There’s this cliché about writers and how they’re so broken and have such nostalgia for a life that never existed. I think that there isn’t a statement more accurate than this. I can’t help it if I pertain to the clique of people who sit down and write about dreams with people they’ve met and thoughts they could never say aloud.
I wonder, if melancholy can be cured by the simple act of finding comfort in the sound of someone’s words. Its scary to not know, and perhaps that is how melancholy creeps up on one.
I feel like a child, in the sense that I exude this innocent aroma in which I long for kind acts and admire simplicity. Its strange meeting people and having them see this very side of you.
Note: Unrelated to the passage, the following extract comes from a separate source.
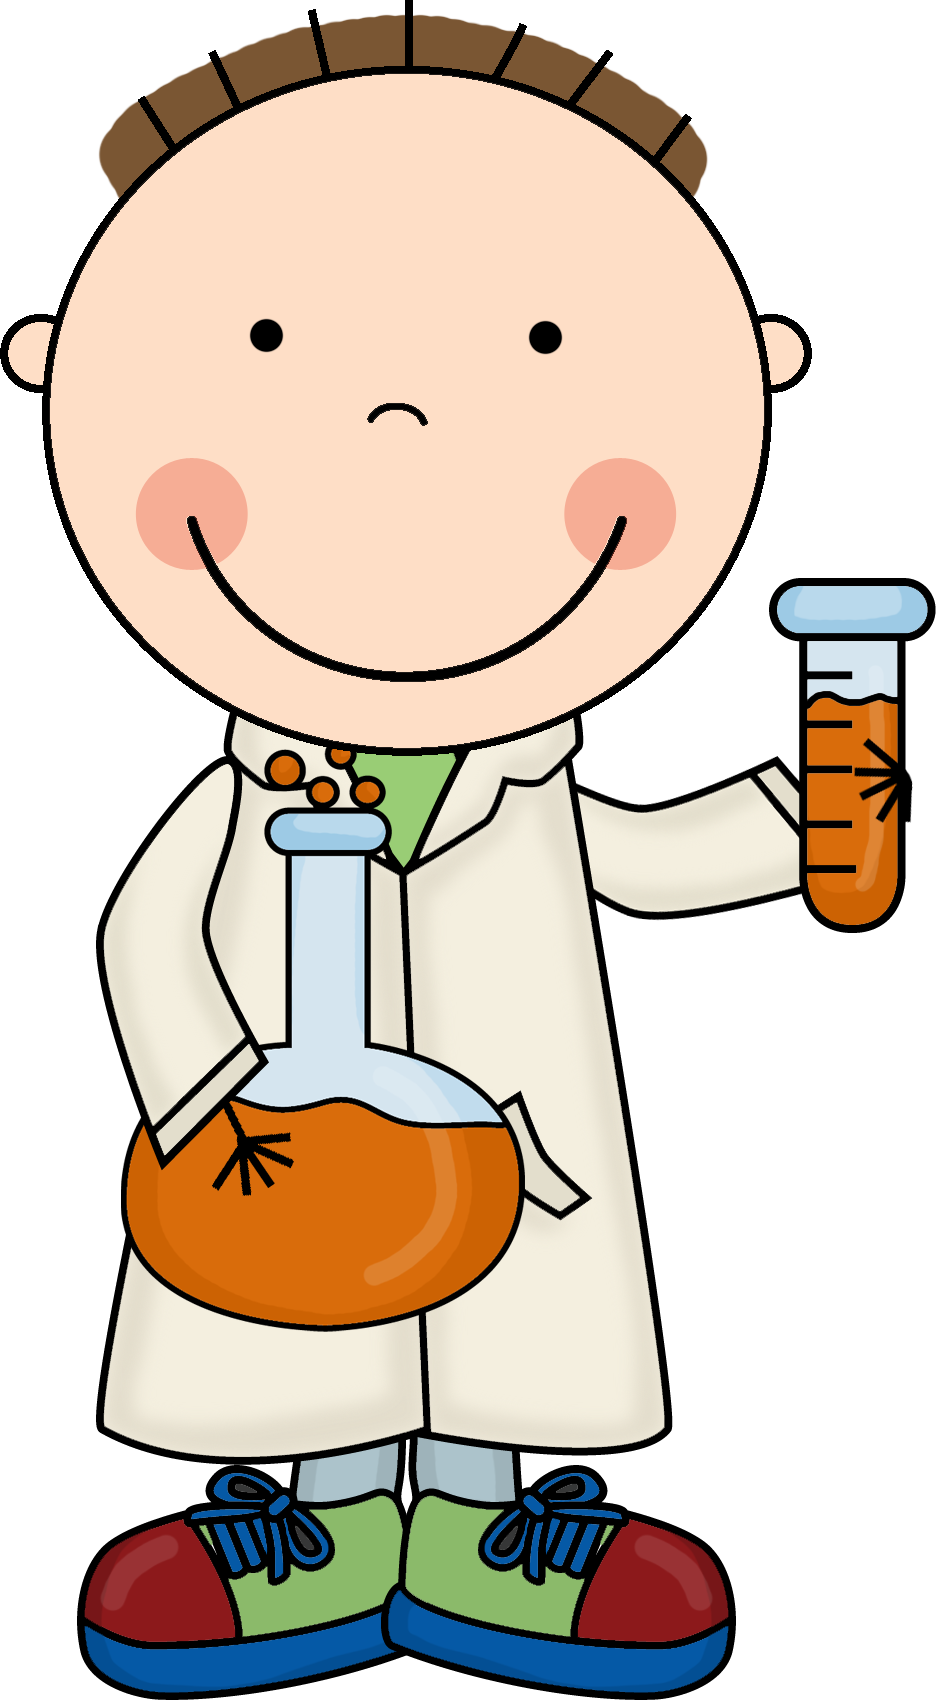 Index Of /images/scrappin Doodles/kids Science Fun - Scrappin Doodles Science (936x1700)

They may wonder why or even admire it, but you hold it all in and there’s things you don’t say only think. You begin to retain all your secret desires. You don’t know why and you wonder, why you don’t allow yourself to get close to anyone. I tend to run from things I don’t understand. Seeking this truth that may never arrive and living in doubt that happiness will be by my side. Then something happens and this disbelief vanishes.
The truth is, I’m not scared with you. I’m scared when I’m not with you. I feel safe and feeling safe is such hard feeling to attain. Feeling loved is perhaps the best feeling in the world. It’s really cheesy and maybe that’s why there’s a particular holiday that celebrates this emotion, but I have become ill to this epidemic and I’m completely okay with it. Strange? Indeed, I’ve always mustered a certain dislike for such an idea. A common case for people who believe that independence comes from being alone. When In reality, Independence is a state of mind not a state of relationship status. This newfound acceptance I have reached has led me to believe that I don’t need to compromise anything. That being in complete sync with someone does not mean the relentless thing I once thought. Rather, a calming phase in which everything seems in its very place. I want to grow with you and not age wise, but as people. I cant really describe it with any other word but happy. Its simple you make me happy. Together we’re happy and nothing else matters. I’m happy when you kiss me on red lights, and when we lay down and stare into space. Being with someone doesn’t take your individuality; you are an individual who chooses to share all that makes you special with another individual.